Compartment Syndrome
Rising pressure within a closed fascial compartment collapses capillary perfusion long before it occludes major arteries, causing muscle and nerve ischaemia while pulses are still present, and demanding emergency fasciotomy.
In a nutshell
Compartment syndrome is rising pressure within a closed fascial compartment that collapses capillaries and causes muscle and nerve ischaemia at pressures far below arterial occlusion, so distal pulses remain present until very late. It is a clinical diagnosis (pain out of proportion and pain on passive stretch) treated by emergency fasciotomy, not observation.
Classic presentation
Severe pain out of proportion to a limb fracture, worsening despite analgesia, with a tense swollen compartment and severe pain on passive stretch of the digits, but normal distal pulses.
Key points
- Capillaries collapse once compartment pressure approaches diastolic pressure, far below the pressure needed to occlude a major artery: pulses are preserved until very late and cannot be used to exclude the diagnosis.
- Pain out of proportion and pain on passive muscle stretch are the earliest and most reliable signs; pallor, paraesthesia, paralysis and pulselessness are late and unreliable.
- It is fundamentally a clinical diagnosis.

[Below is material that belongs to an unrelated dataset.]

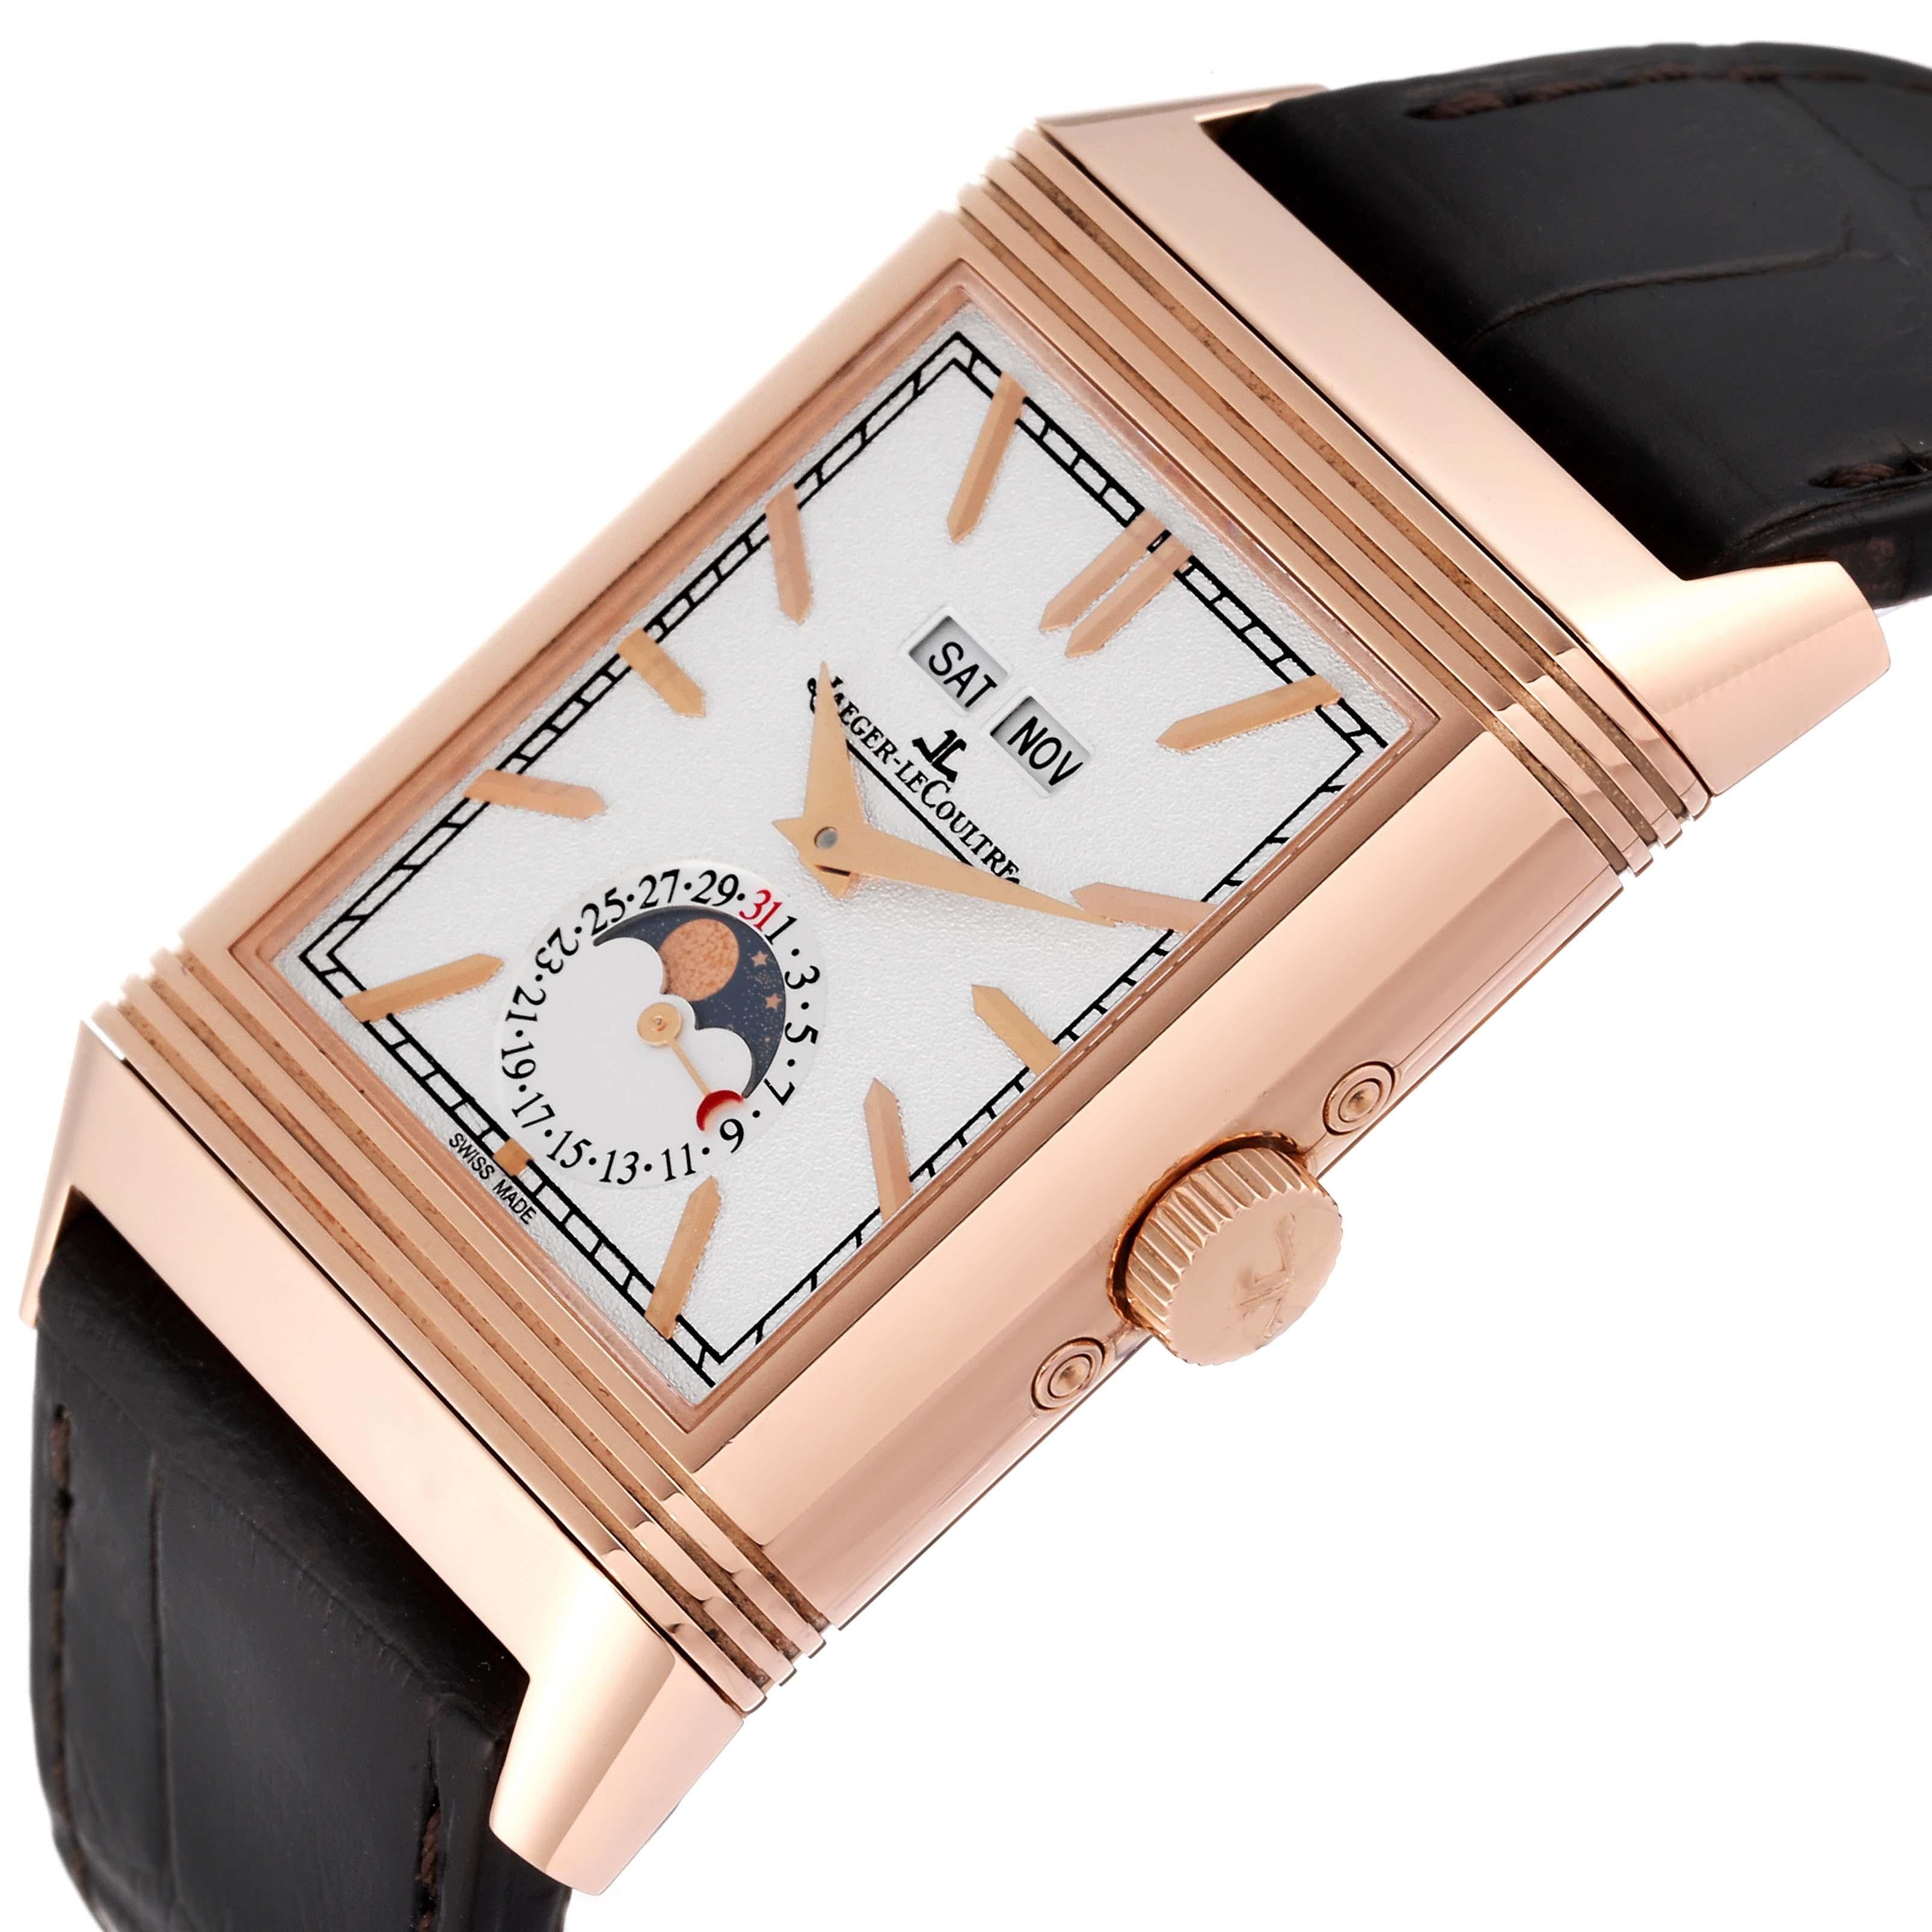 Jaeger LeCoultre Reverso Tribute Duoface Rose Gold Mens Watch Q3912420 Box Card 1

Intracompartmental pressure measurement supports but does not replace clinical judgement, especially in an unreliable or unconscious patient.
- Elevation above heart level can reduce perfusion pressure and worsen ischaemia: keep the limb at heart level and remove all constricting dressings or casts immediately.
- The only effective treatment is emergency fasciotomy; delay risks irreversible muscle necrosis, contracture and rhabdomyolysis-induced kidney injury.
First-line investigation
Clinical assessment with serial examination for pain out of proportion and pain on passive stretch; intracompartmental pressure measurement supports the diagnosis when clinical assessment is equivocal.
First-line management
Remove all constrictive dressings or casts immediately and escalate for emergency fasciotomy without waiting for confirmatory investigations if clinical suspicion is high.
Exam traps
- Preserved distal pulses do not exclude compartment syndrome: do not be falsely reassured.
- Elevating the limb above heart level can worsen ischaemia by lowering perfusion pressure; keep it at heart level.
- An escalating analgesia requirement in a fracture patient is a red flag, not just 'bad pain control'.
- Waiting for pallor, paralysis or pulselessness before acting is too late: these are late, unreliable signs.
Educational content pending clinical review. Not medical advice.